Her mother’s face squeezed into a grimace and she started crying with a great whoop, splashing up her hands and running to her, falling on her, hugging her tightly and sobbing. “Oh, Callie! My poor baby! We’ve failed you!” Immediately Callie was crying too, sobbing her heart out. It must have been two minutes they cried like that. Then it came to her that Henry was there, and that they didn’t understand at all.

“Mother,” she said, “I love Henry. I’m happy.”

“Child. My child!” her mother said, and a new burst of sobbing overwhelmed her.

She felt a strange sensation: as if the floor were moving, shifting gently, carrying her somewhere, as in the old story, and telling her something. She accepted her mother’s tight embrace but felt unresponsive, separated in a way that in a moment there would be no repairing. Her mother felt it too, or realized that Callie was not crying now, that something had changed.

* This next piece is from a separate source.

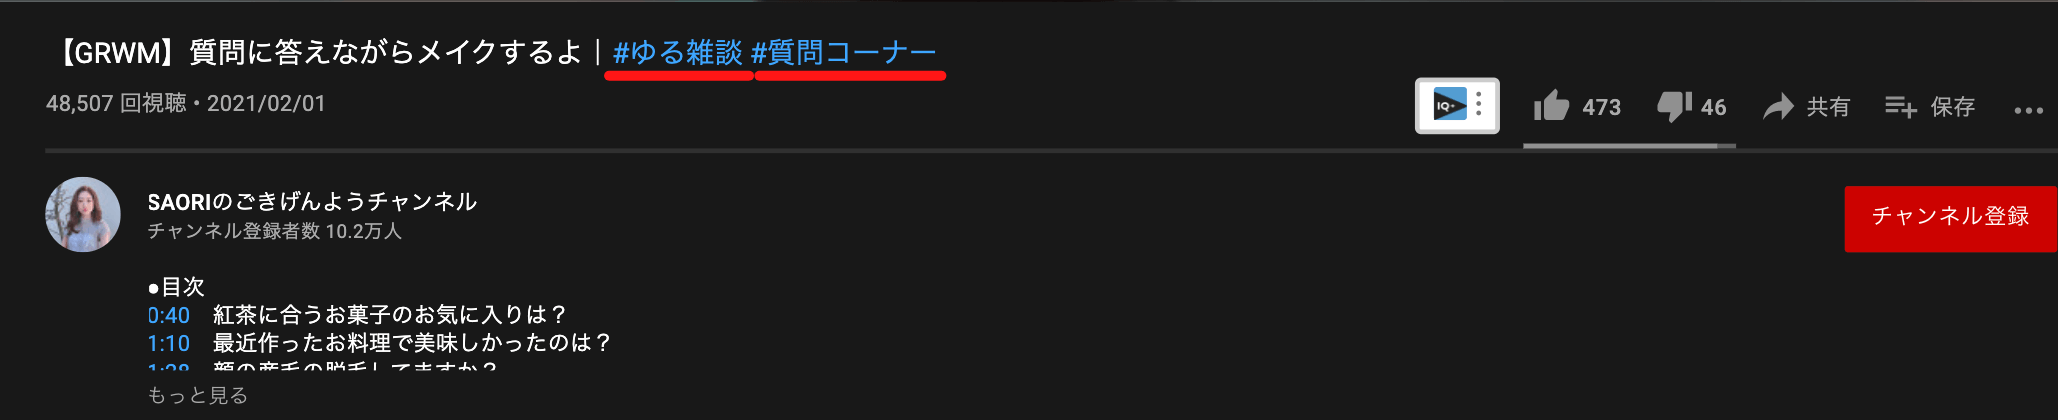 youtube-title hashtag

“Mother,” she said again, “I love him.”

After a moment her mother drew back to look at her, trying to read her face like a word left by Indians. She said, “Love, Callie! You’re only seventeen years old.”

Callie said nothing.

Her mother was baffled; grieved and frightened, but more than that, filled with an emotion too deep for separation into grief and fear: as though Callie had gone down to a small boat at night, and her mother stood on a towering ship that was drawing away and could never turn back. Without words, Callie knew — with a sinking feeling — that her mother could never know for sure — anymore than she could know of her mother — that she was happy. For the first time now, her eyes still baffled, Callie’s mother turned to look at Henry. She stared as if she’d never really noticed, in all her years, that he was grotesque. He endured the look in patience like an elephant’s, an enormous hulk of misery, his hands folded behind his back, huge belly thrown forward, his head slightly tipped and drawn back a little. (Could she see that, inside that suit like a mortician’s, he was a gentle man, and a good man besides?)